Quote from The King's England by Arthur Mee 1935 'The Tudor House in the square now in cottages has an oak mantelpiece 1`0 ft long, some of it carved about 1500 and some in 1614. A marvellous piece of craftsmanship, it has four lines of work across it, there some most excellent faces and scenes of angels with dragons, Jonah and the Whale. The Raven bringing food to Elijah, Adam and Eve, and Noah's Dove'.

It was under this mantelpiece in the fireplace, or rather in the chimney, that we used to sit and roast chestnuts to perfection. From the time I was 8, especially at Christmas time there would be seven or eight, sometimes ten grandchildren, all sitting round the fire in the chimney roasting chestnuts while Mums and Dads played cards or drank Grandma White's home brew.

Don't forget boys on the left and girls on the right with an aunt on the bench where the sexes met!

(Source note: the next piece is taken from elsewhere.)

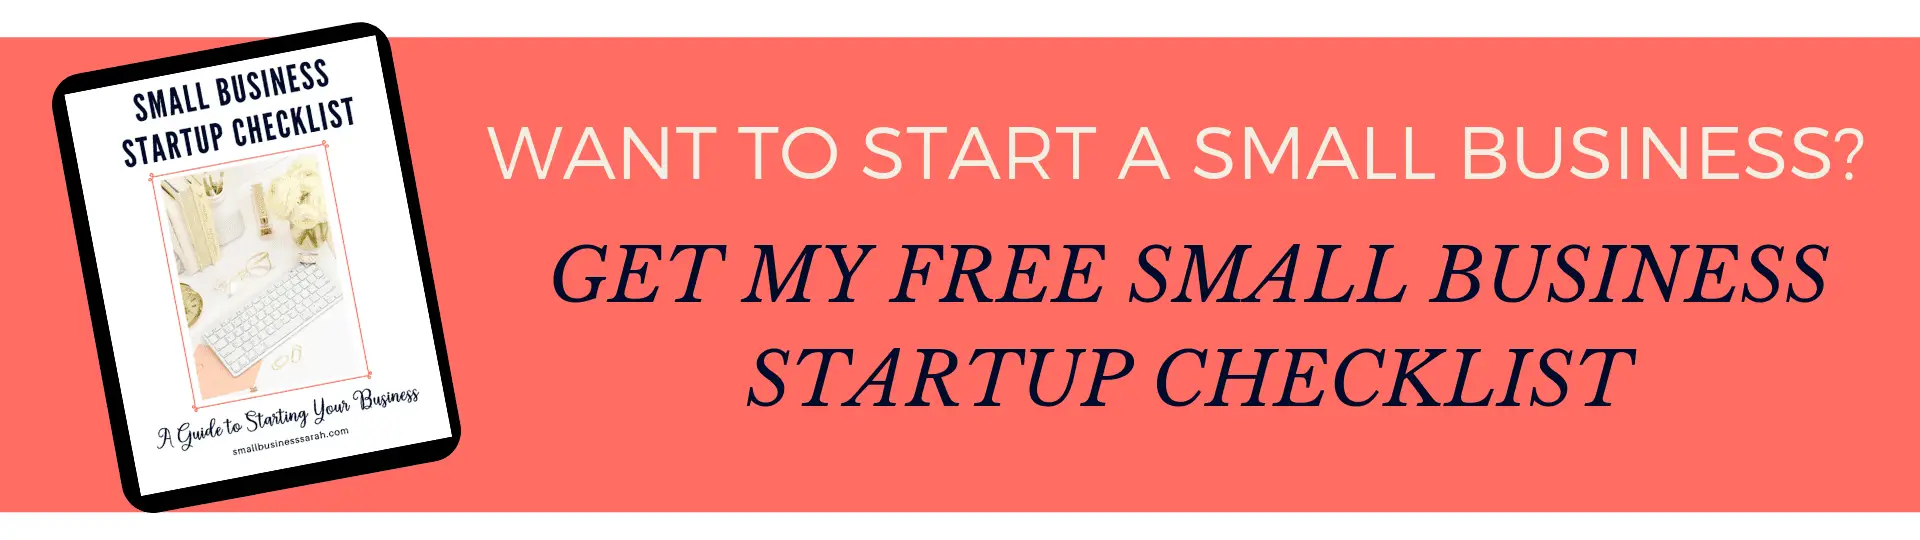 Get your FREE Small Business Startup Checklist

Granddad White was only 5 ft 4' and not a very heavily built man. He used to be the wagoner at North Elham in his working life and they say his team of horses would do just about anything he wanted them to do, and he didn't have to raise his voice even, though sometimes he would have six or eight horses in his team.

Grandma White was a big woman almost 6 ft tall and weighing 16 or 17 stone. Unfortunately no one ever mentioned her family, but they did say that when times were really bad and food was in short supply when she was a little girl, they would catch hedgehogs, roll them in clay and cook them in an open fire.

Then they would rake them out, break the clay and the skin and guts would come off like crackling off pork

There was quite a family of Whites, twelve of them. There were nineteen grandchildren so at Christmas time when they all came together as in 1938 there was quite a gathering.